Was also tun, wenn der Chef dich vor allen anderen grundlos zusammenfaltet? Wenn der Kollege einen blöden Spruch auf deine Kosten reißt? Oder du noch einen Stapel auf deinen ohnehin schon vollgepackten Schreibtisch bekommst und am liebsten das Mobiliar kurz und klein schlagen möchtest? Nun, folgende vier Schritte können dir helfen, besser mit deiner Wut umzugehen und wieder ins Gleichgewicht zu kommen:

  • Stabilisierung. Achte darauf, ob dein Körper bereits im Angriffsmodus ist. Sind deine Fäuste geballt? Deine Kiefermuskeln angespannt? Und dein Rücken gestrafft? Dann sorge für eine Haltung, die dich erdet. Stell beide Beine fest auf den Boden, halte Rücken und Kopf gerade und atme ruhig ein und aus. Hier hilft es auch, eine Hand auf den Bauch zu legen und so deinem Atem zu folgen. Währenddessen kannst du dich auch mental stabilisieren. Etwa mit Sätzen wie: „Es geht vorbei. Es geht vorbei. Es geht vorbei.“.
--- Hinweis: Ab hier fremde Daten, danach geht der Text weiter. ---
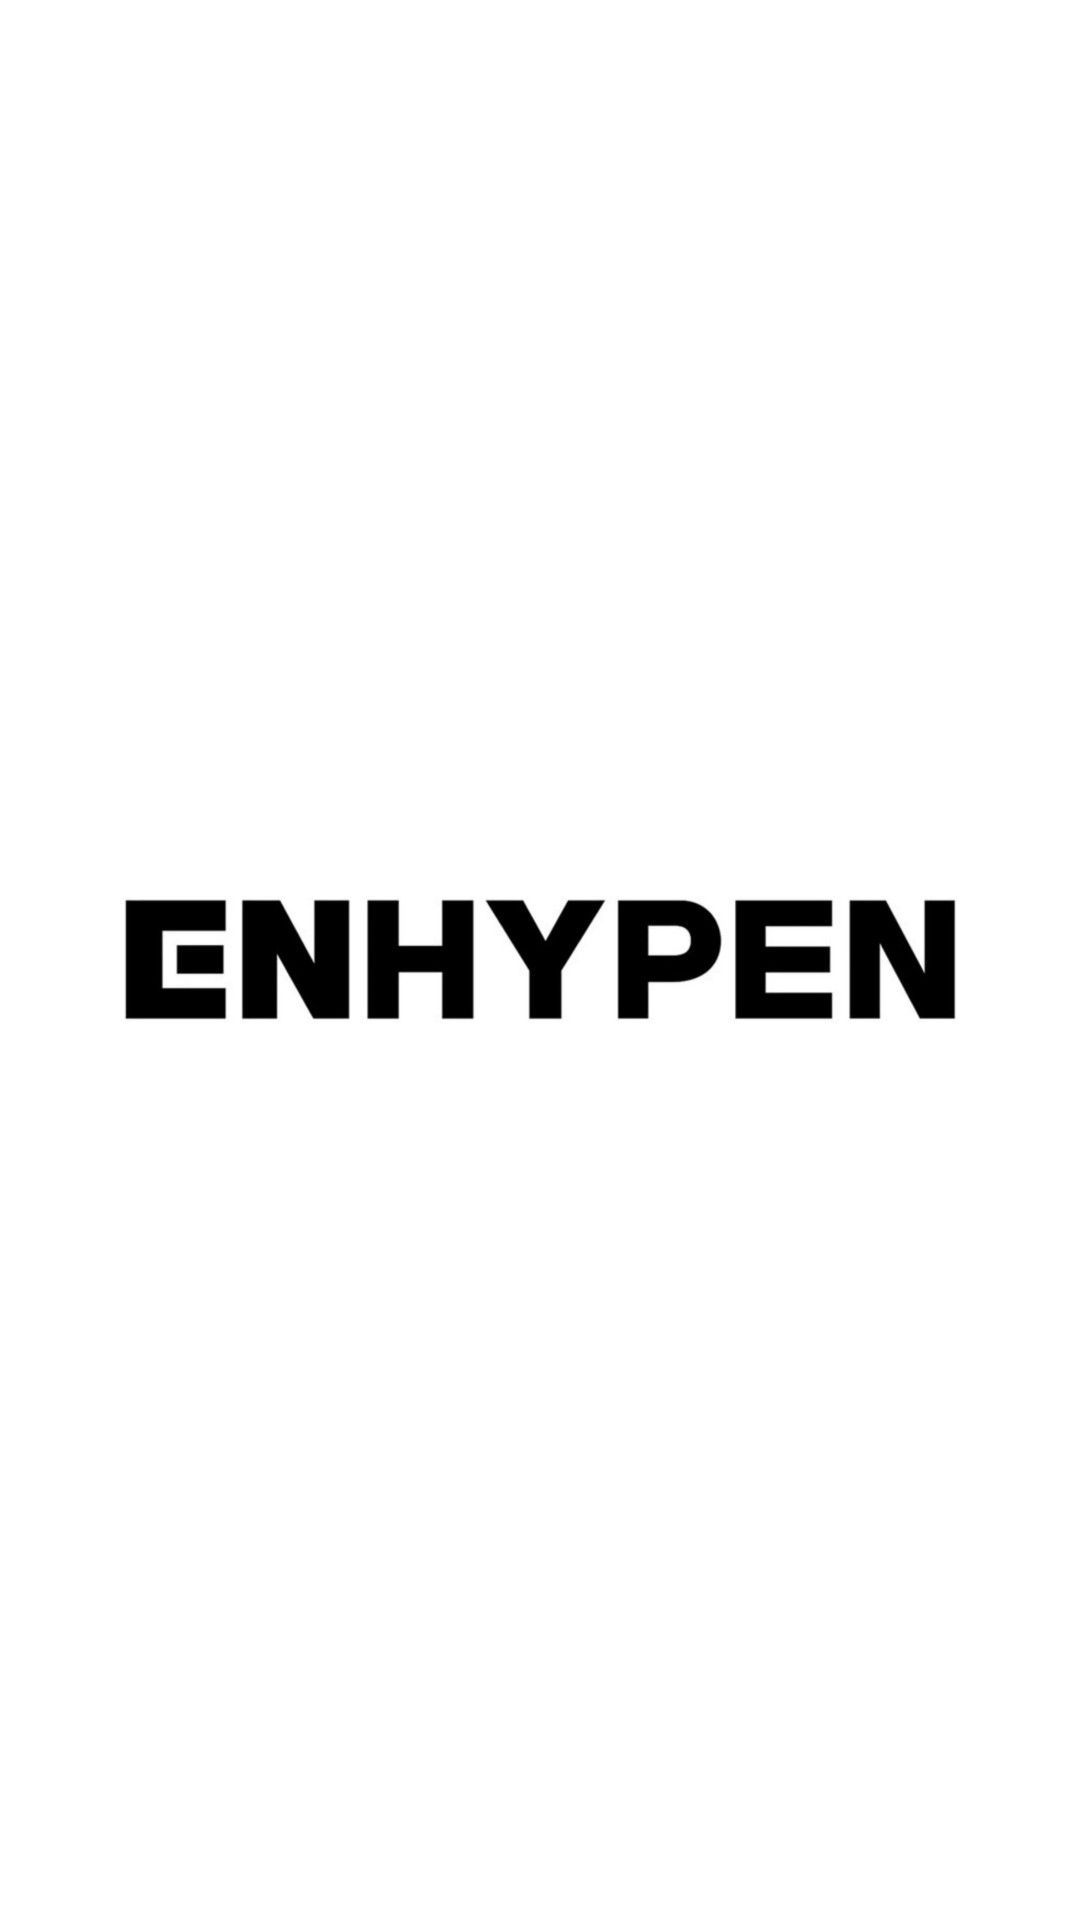 ENHYPEN logo wallpaper. 壁紙, 写真, ロゴ

  • Analyse. Hinterfrage deine Gefühle: Wer oder was ist der Grund für die Wut? Wie nehme ich wahr, dass ich wütend werde? Wie reagiere ich alleine, wie in der Gesellschaft von anderen? Wann empfinde ich die Wut als hilfreich, wann als Einschränkung? Gab es in der Vergangenheit bereits gute Strategien, um mit der Wut umzugehen? Diese Fragen kannst du dir entweder alleine oder auch mit jemanden zusammen beantworten. Wichtig ist, herauszufinden, woher die Wut kommt, was sie mit dir macht und ob du bereits Wege kennst, mit ihr umzugehen.
  • Unterstützung holen. Für Menschen, die oft und heftig zu Wutanfällen neigen, kann die Arbeit mit einem Coach oder Therapeuten hilfreich sein. Für einzelne Wutattacken kann man sich auch mit dem „inneren Team“ auseinandersetzen. Hier kommen deine unterschiedlichen Persönlichkeitsmerkmale zum Tragen, denn du hast nicht nur die Wütende/den Wütenden in dir. Auch Problemlöser, Kritiker oder Beobachter sind da. In Coachingsitzungen werden für jedes Teammitglied Stühle aufgestellt, die je nach Rolle eingenommen werden. In der akuten Wutsituation kannst du das alles im Kopf durchspielen und mit deinem inneren Team zu einer Lösung gelangen.
  • Weitermachen. Ebenso wie wir beim Radfahren als Kind nicht nach dem ersten Sturz aufgeben, solltest du versuchen, die Wut-Energie in positive Energie umzuwandeln und weiterzumachen. Helfen kann dabei, die kleinen Erfolge zu feiern. Du hast deine Kollegin nicht wie immer angeschnauzt? Prima, darauf kannst du stolz sein. Dein Gehirn belohnt dich dafür mit Glückshormonen und merkt sich dieses Erfolgserlebnis.